- _Task prompt_
After finding the line with "Уличный светильник Ideal" in the entries below, retype exactly each line from there through the line with "De La Cruz, 100%", including that final line.

Given entries START

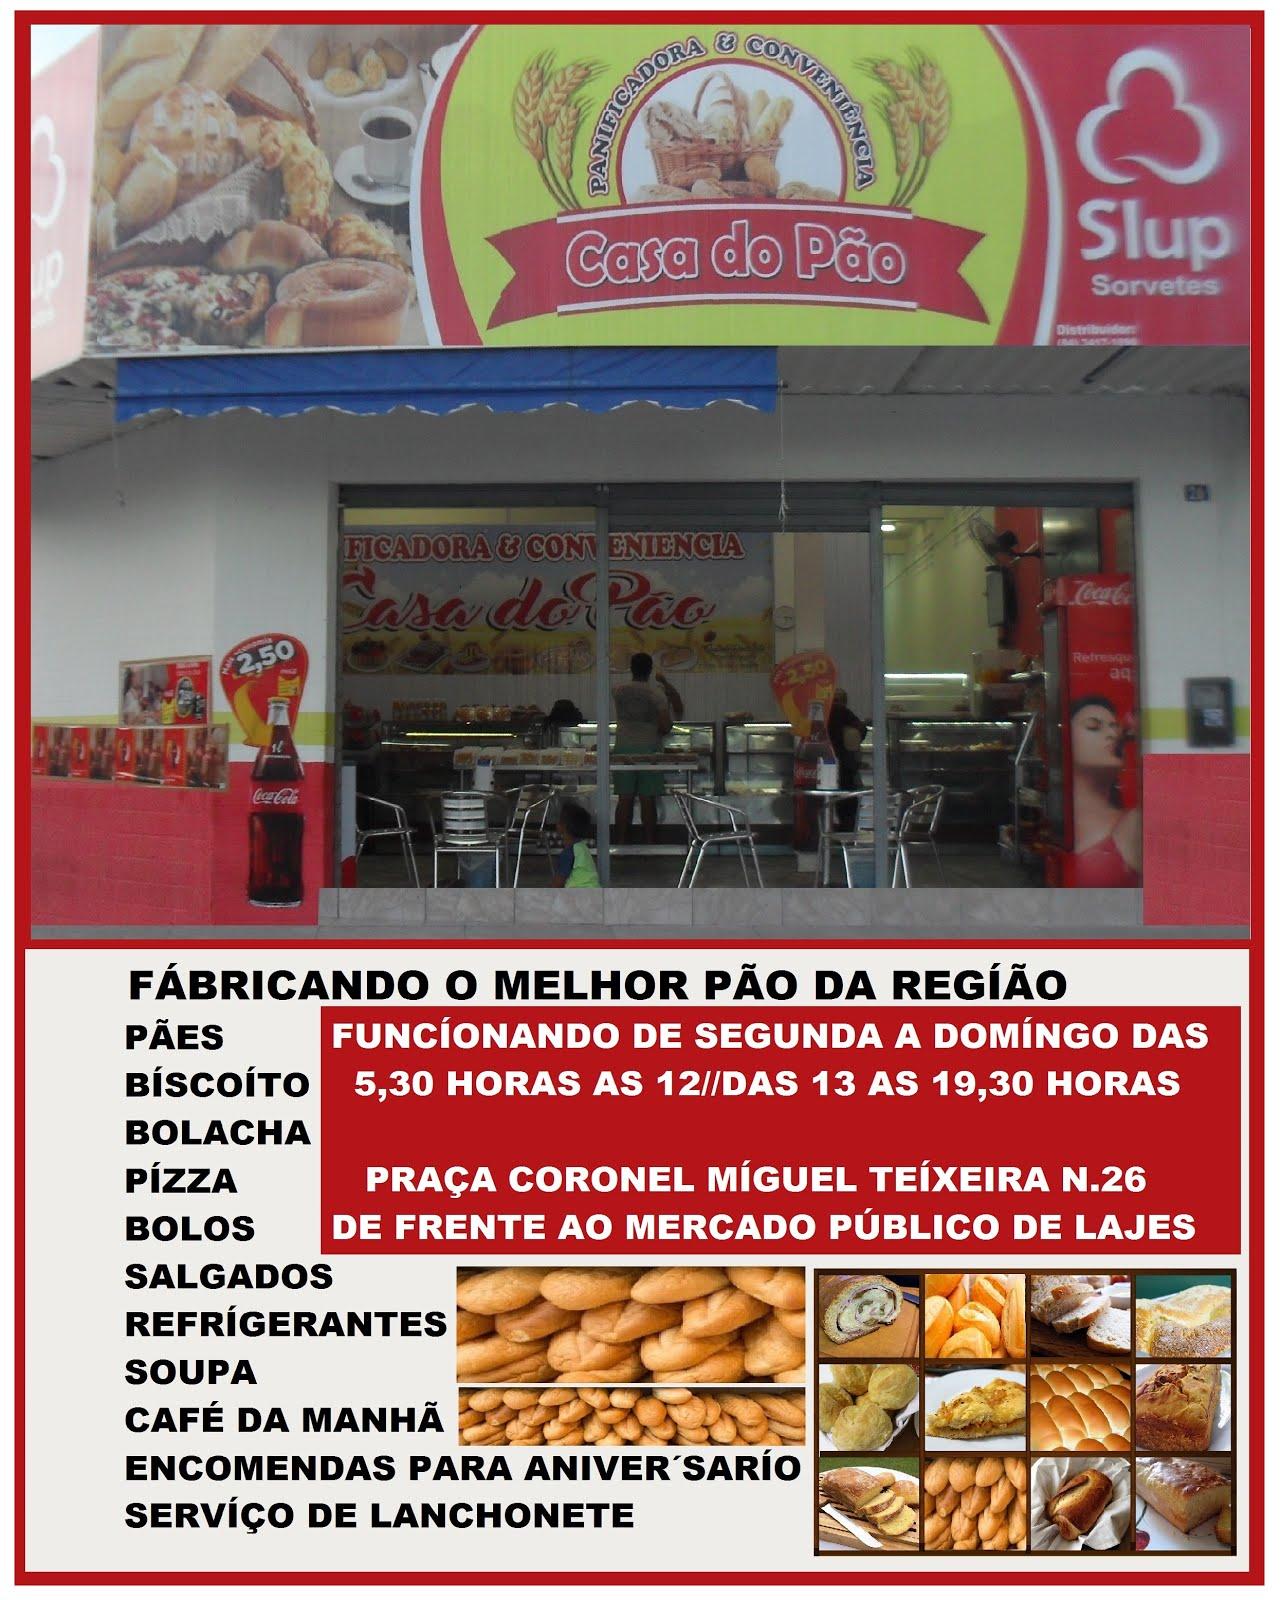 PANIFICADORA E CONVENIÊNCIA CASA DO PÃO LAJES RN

Given entries END
Given entries START

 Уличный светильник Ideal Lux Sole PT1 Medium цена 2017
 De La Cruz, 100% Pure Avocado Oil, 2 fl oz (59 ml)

Given entries END

- _Exercise answer_
 Уличный светильник Ideal Lux Sole PT1 Medium цена 2017
 De La Cruz, 100% Pure Avocado Oil, 2 fl oz (59 ml)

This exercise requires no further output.